While every company likes to think their customers are good, and have good intentions, a number of companies operate in industries where the conduct of their customers is dictated by the market they buy in. Does the company sell in a highly competitive market where it seems like every customer decision to order is based on price and price alone? Does the company operate in a market where customers forge strong vendor relationships, where design and engineering capabilities are more valued over the lowest possible price? Each of these requires a different approach to inventory management. That customer that needs those custom made parts, and values a strong relationship with its vendors, will probably be interested in signing a contractual agreement on supply. Conversely, should the company that operates in a commodity based market be willing to hold inventory for one customer, or should this inventory be available on a first come, first serve basis? Obviously, operating in an industry where price is the overriding factor, means the inventory that is available, must be sold immediately. Matching inventory approach to business model, customer ordering patterns and the market a company services, must be the primary motivation behind deciding which approach to use. Several companies become enamored by JIT because it proposes lean inventory levels, and minimum month to month holding costs. For companies looking to lower their cost of inventory, JIT seems like the perfect fit in a perfect world. However, there are hidden costs to JIT, and they come in the form of not having safety stock, high costs of emergency freight when parts aren’t available, and a requirement of high volume, high dollar value orders, making it a drain on a company’s cash flow. Min/Max is that inventory approach of choice for those companies who have large product lines, small volume spread across those lines, and infrequent customer demands from a cyclical industry. To summarize, these are the important questions to ask.

  • What type of market does the company operate in?
  • What kind of product lines does it offer?

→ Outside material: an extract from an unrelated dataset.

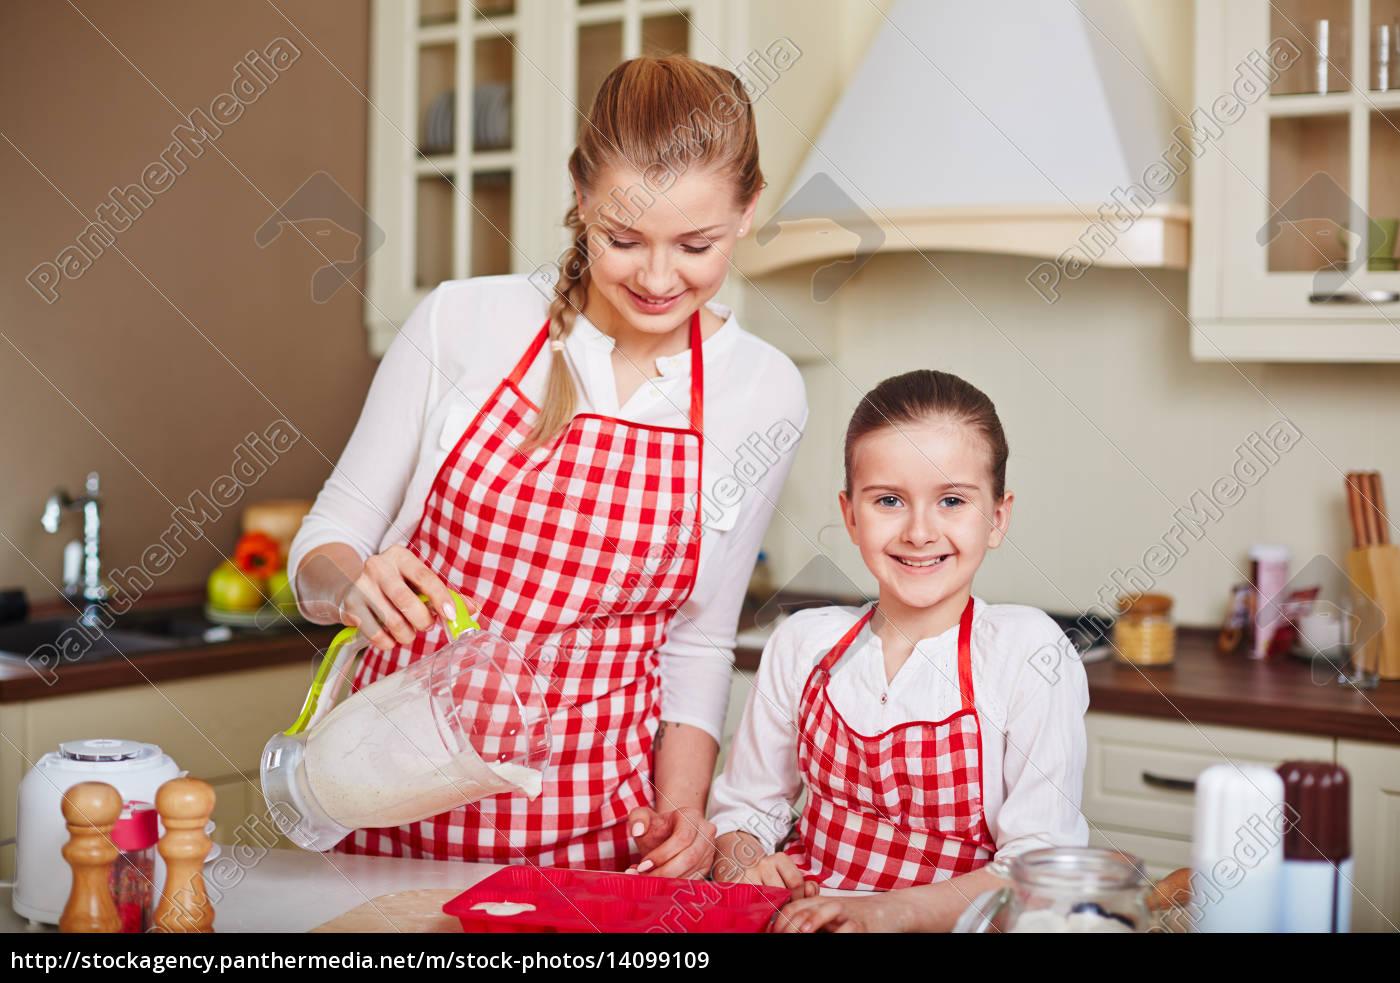 cooking, tarts - 14099109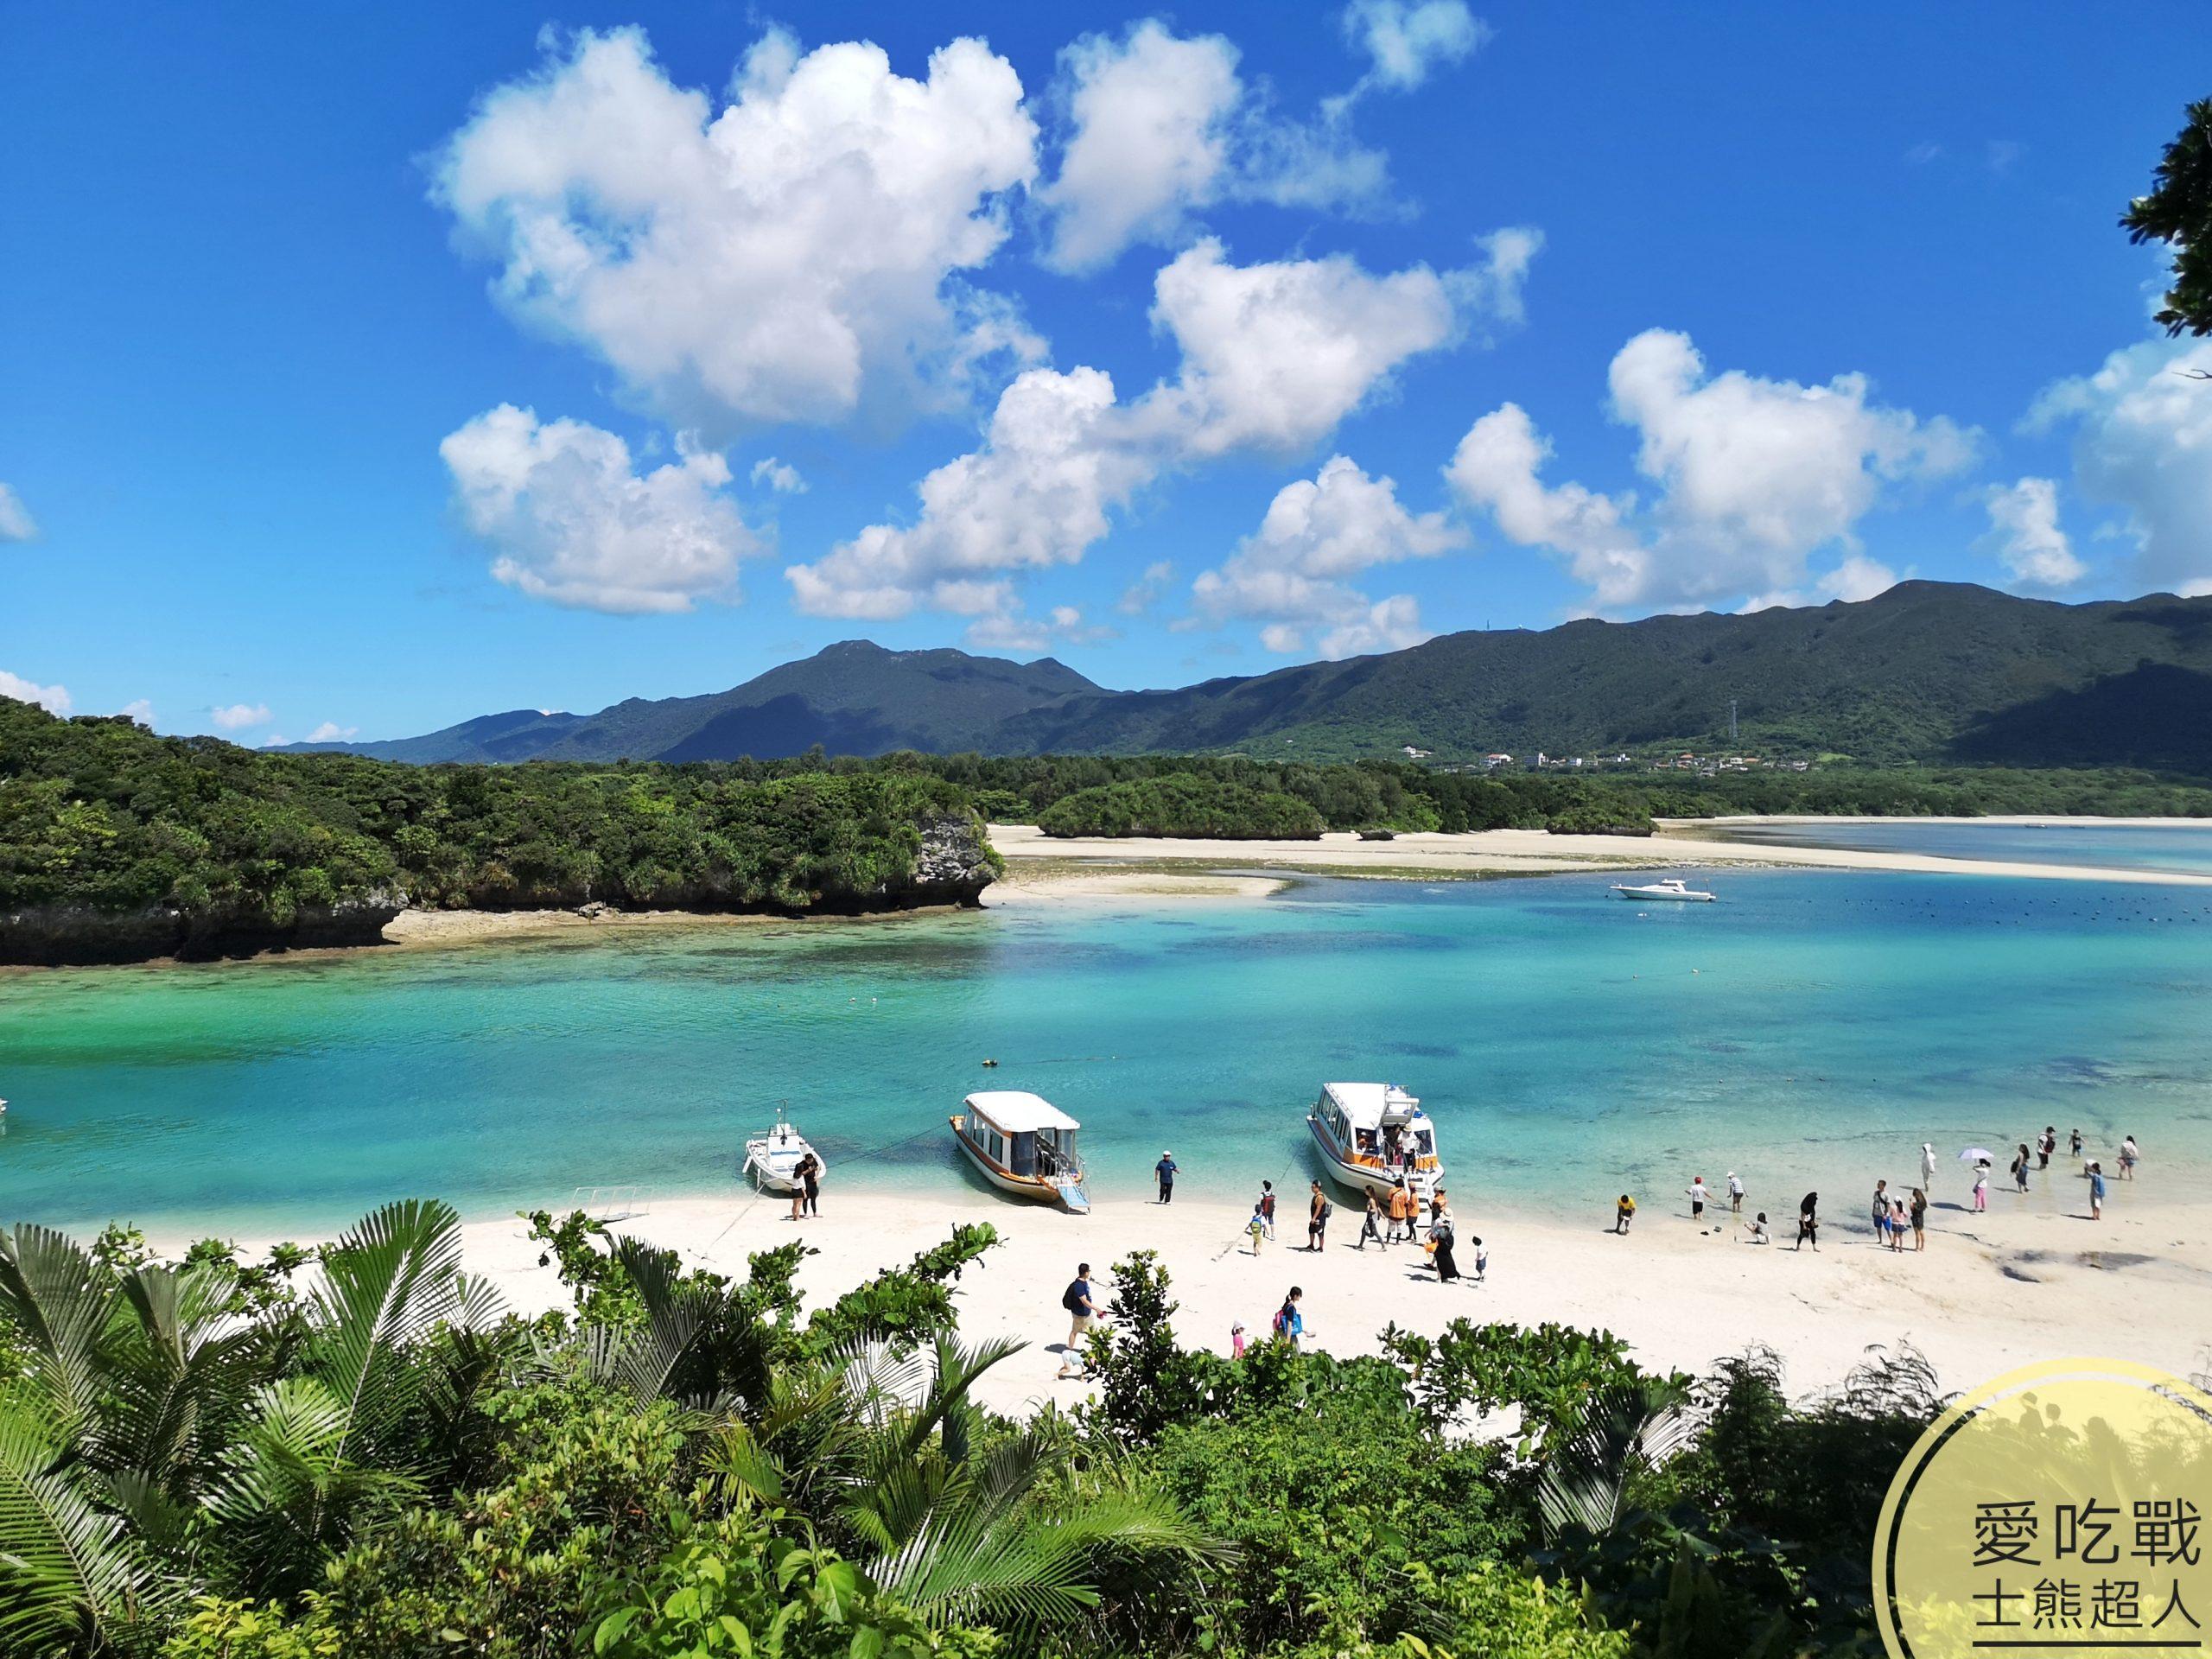 。沖繩 石垣島。川平灣:有著七種海水顏色的米其林三星景點,搭玻璃船+吃鹽冰淇淋,石垣島必訪景點

  • Are customer demands cyclical and seasonal, or linear and constant?
  • Is the company’s purchasing power large or small?
  • Does the company operate in a price sensitive market, or one that measures vendor performance on other criteria?

When it comes to managing inventory, it’s really about what the company does, and does well. Don’t make the mistake of running an inventory system not conducive to your customers’ requirements. Be sure to address your market’s needs and don’t be enamored with an approach that simply won’t work for your business.